3. The method for recycling waste Prussian sodium battery cathode materials according to claim 1, wherein the organic acid is at least one of oxalic acid and acetic acid.
4. The method for recycling waste Prussian sodium battery cathode materials according to claim 1, wherein the transition metal precipitation is further prepared by calcining the transition metal oxide.
5. The method for recycling waste Prussian sodium battery cathode materials according to claim 4, wherein the transition metal precipitate is manganese metal precipitate, and manganous oxide is prepared by calcining at 220-280°C.

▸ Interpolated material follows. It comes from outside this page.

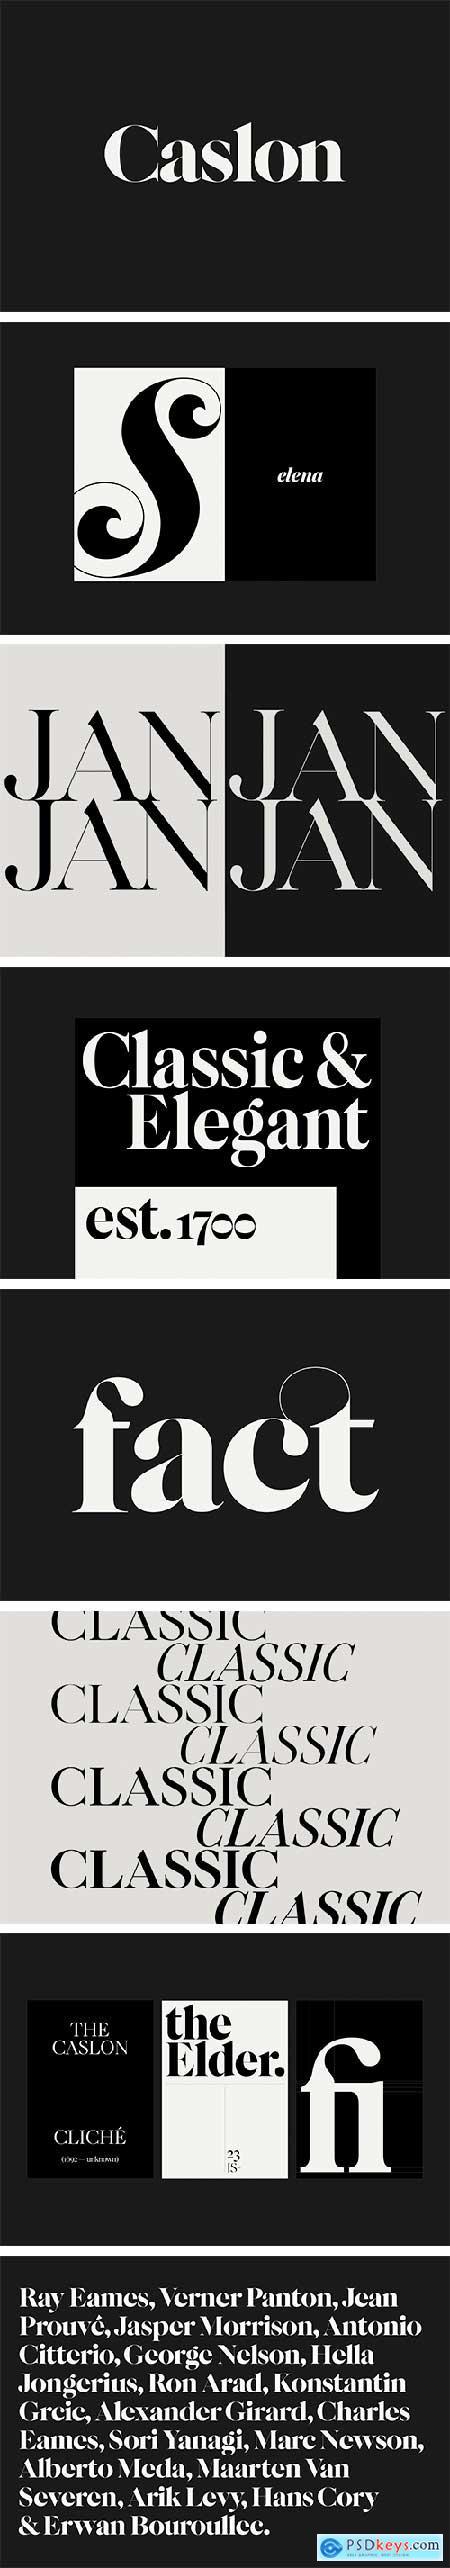 F37 Caslon Font Family

6. A preparation method of Prussian sodium cathode material, which includes the following steps:

   (1) The filtrate obtained by the recycling method of used Prussian sodium battery cathode materials according to any one of claims 1 to 5 is subjected to detection of sodium ion and [Fe(CN) ₆ ] ^{4 -} concentrations, and sodium ions are introduced into the filtrate Make the molar ratio of sodium ions and [Fe(CN) ₆ ] ^4- in the filtrate to (4~6):1, dry or crystallize to obtain sodium ferrocyanide powder;

   (2) Mix the transition metal salt with the sodium ferrocyanide powder obtained in step (1) to prepare a Prussian sodium cathode material.
7. The preparation method of Prussian sodium cathode material according to claim 6, wherein the step (1) also includes the removal of organic acid in the filtrate, and the removal of the organic acid is carried out by heating method or extraction method.
8. The method for preparing a Prussian-based sodium cathode material according to claim 6, wherein the transition metal salt is prepared from transition metal precipitation obtained by the recycling method of used Prussian-based sodium battery cathode materials described in this application.